L’intérêt récent porté pour l’architecture dans le domaine de l’ingénierie des systèmes complexes, et la volonté de vouloir la singulariser ouvre de nouvelles perspectives et champs d’investigations. Encore loin d’être une science ou une discipline, l’architecture se manifeste pour l’instant en tant qu’art [RM96] ou pratique [Sil14, CCS15]. Un des aspects nous apparaît particulièrement saillant dans la construction de ce nouveau domaine, celui de la conception. Notre contribution à la conception architecturale consistera à proposer un paradigme, étape importante pour pouvoir construire, et plus tard formaliser cette activité.

Dans ce chapitre, nous partirons d’une étude du contexte initial dans lequel va naître ce nouveau domaine, à savoir l’ingénierie système. Nous en ferons d’abord une synthèse historique en partant des années quarante jusqu’à nos jours, pour ensuite tenter d’en dégager une définition. Nous verrons qu’il y en a de multiples. Nous dégagerons à la fois une caractéristique commune, l’aspect multidisciplinaire, et un manque, la manière d’orchestrer ces disciplines entre elles. Pour mieux appréhender cette ingénierie, nous proposerons une approche consistant à chercher à la distinguer des autres ingénieries. Nous verrons ensuite en quoi ingénierie et architecture diffèrent et se complètent : analyse et synthèse, réductionnisme et holisme, algorithmique et heuristique, etc. Puis nous ferons ressortir les aspects remarquables de la démarche de conception architecturale : centrée et rythmée par des décisions clés, affrontant la complexité (ne la réduisant pas !), et requérant des modes de raisonnement appropriés (pensée système, pensée critique et raisonnement abductif). Enfin parmi tous les questionnements et toutes les perspectives que cela ouvre, nous poserons la manière et la méthode qui nous servira à aborder et traiter le point particulier consistant à doter l’architecture des systèmes artificiels complexes d’un paradigme et d’une démarche de la conception.

Sommaire

2.1 Le contexte initial : l’ingénierie système . . . 46 2.2 Ingénierie et Architecture . . . 55 2.3 Distinguer l’architecture . . . 59 2.4 Viser un paradigme de la conception architecturale . . . 70

2.1

Le contexte initial : l’ingénierie système

Avant de récemment s’émanciper, ou tout du moins d’être mise en exergue, l’architecture et la concep- tion architecturale des systèmes artificiels est une partie intégrante de l’ingénierie des systèmes. Commen- çons donc par étudier cette matrice originelle.

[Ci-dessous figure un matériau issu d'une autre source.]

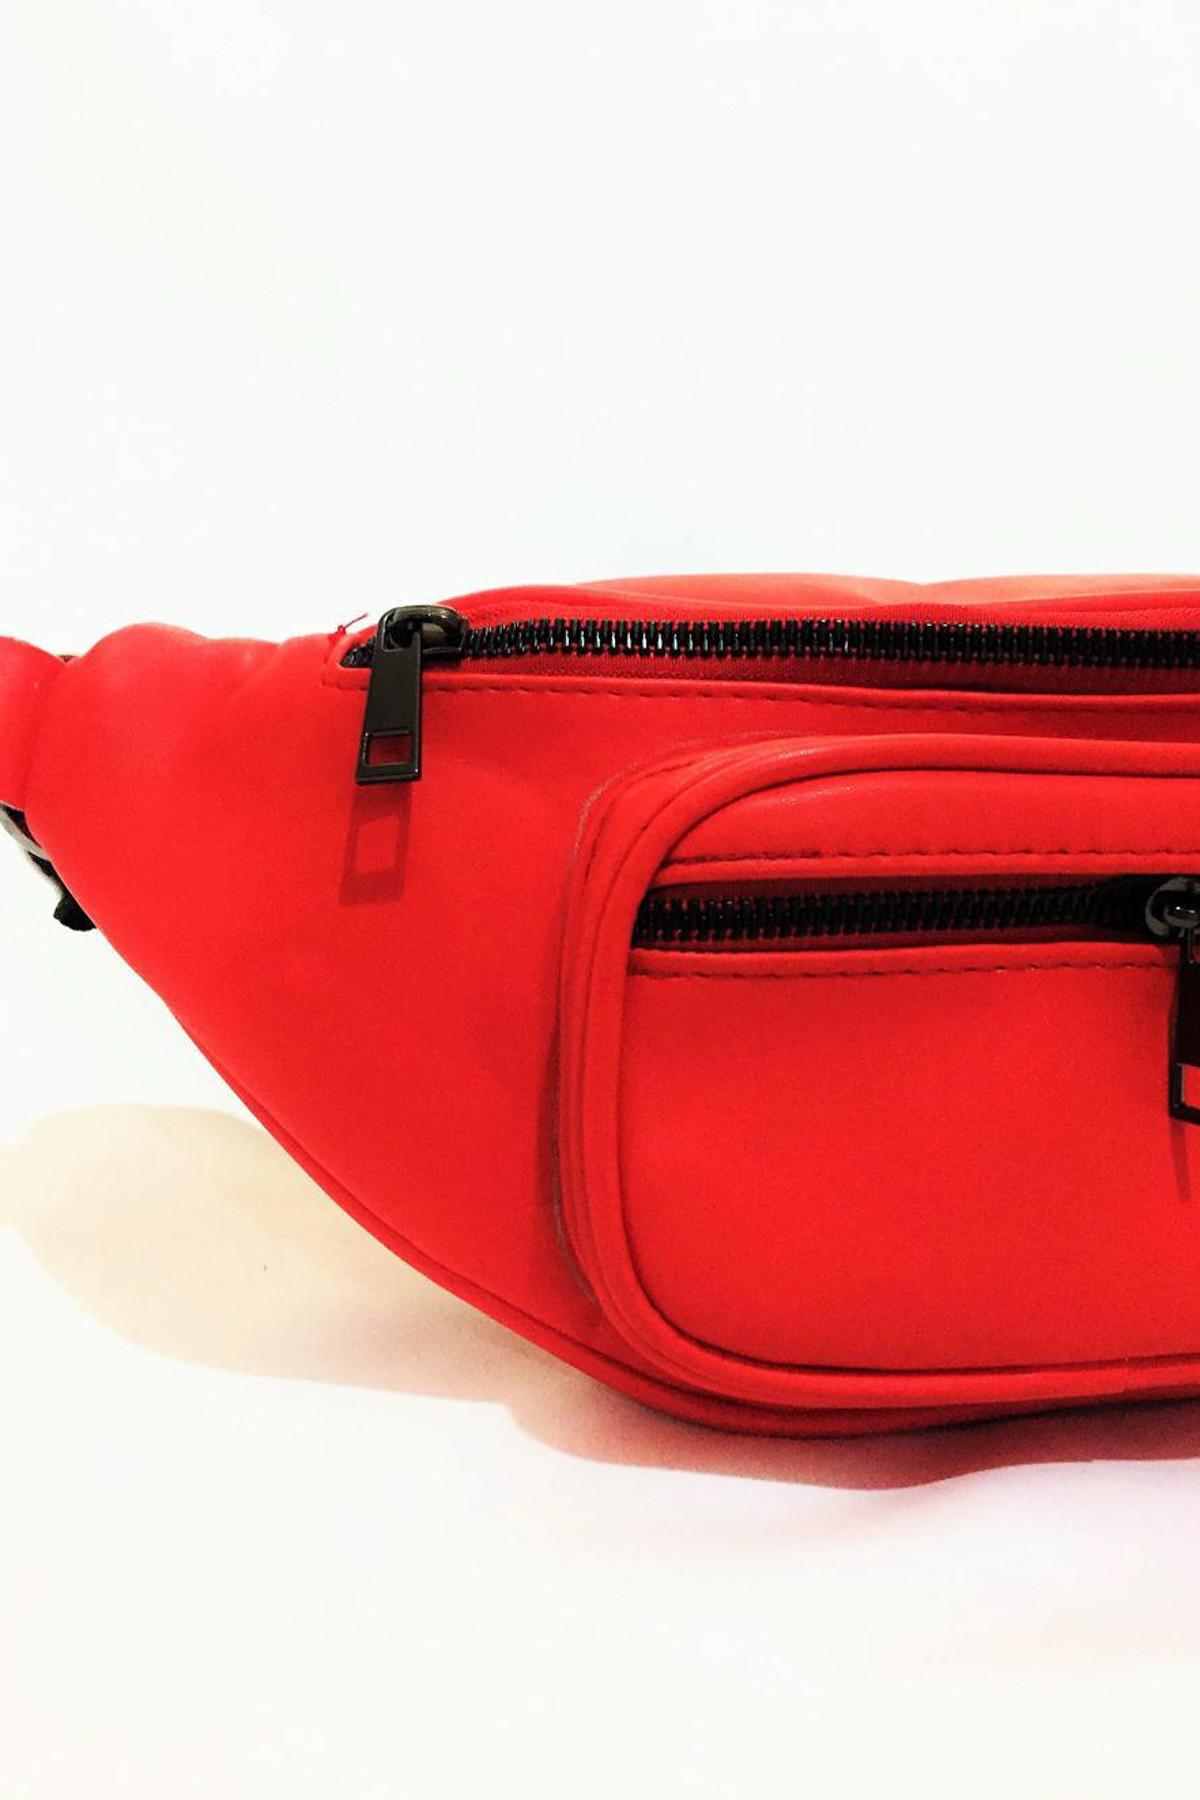 Dr. Stone Marka Kadın Kırmızı Rengi Deri Bel Çantası Xybdr59 1

Ingénierie Système ou Ingénierie des Systèmes ? Dans son ouvrage de référence [MF12] l’AFIS (Associa- tion Française d’Ingénierie Système) emploie le vocable d’ingénierie système. Dans leur ouvrage pédagogique [LR13] Dominique Luzeaux et Jean-René Ruault parlent expressément d’ingénierie système. Dans un récent article d’introduction [LRW15] les mêmes auteurs et moi-même nommons l’ingénierie système en tant que discipline. En revanche Wikipédia [Wik], ainsi que différentes universités ou écoles d’ingénieur proposent des programmes en utilisant la dénomination Ingénierie des Systèmes.

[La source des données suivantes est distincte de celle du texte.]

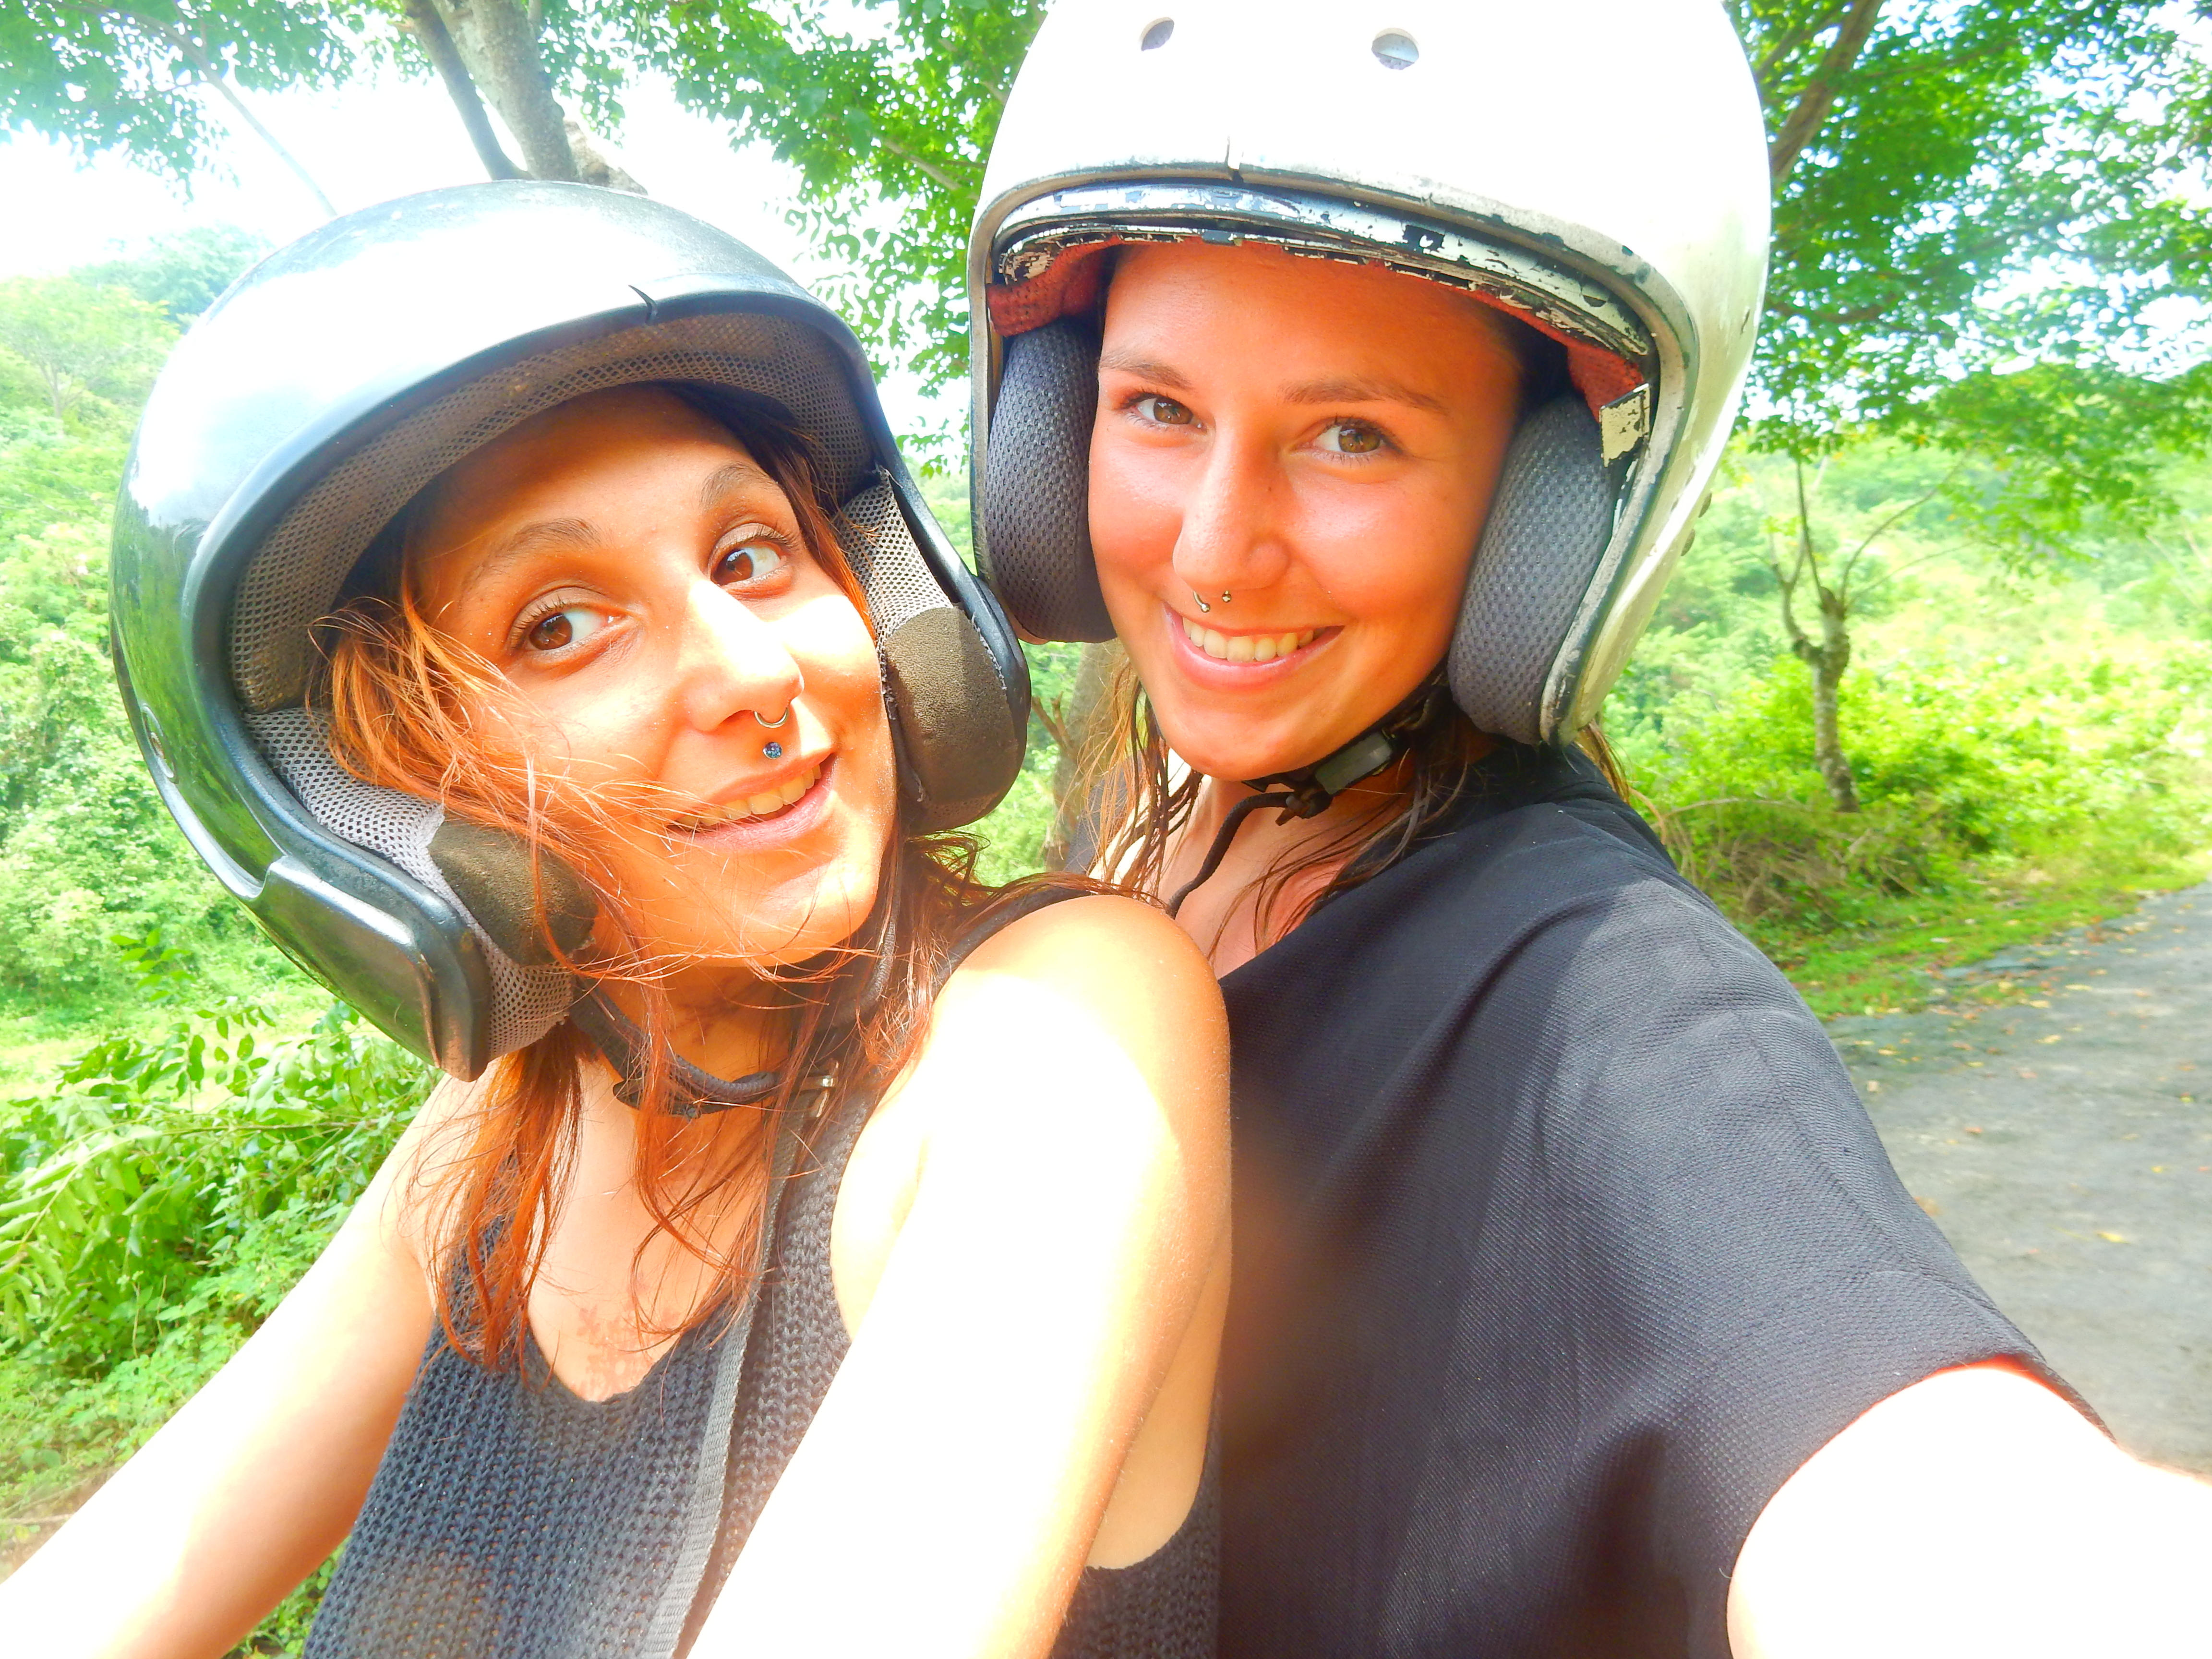 île de Lombok à scooter, Indonésie.

Nous nous proposons d’adopter les conventions suivantes dans ce manuscrit :

• L’ingénierie système dénotera soit une discipline, c.-à-d. la matière et les connaissances pouvant faire l’objet d’un enseignement, bien que n’étant pas forcément reconnue en tant que tel tant d’un point de vue scientifique qu’académique, soit un génie, c.-à-d. l’art et les techniques. Nous privilégierons l’ingénierie système en tant que génie.

• L’ingénierie des systèmes désignera la pratique consistant à faire l’ingénierie appliquée à des systèmes en s’appuyant, entre autres, sur le génie de l’ingénierie système.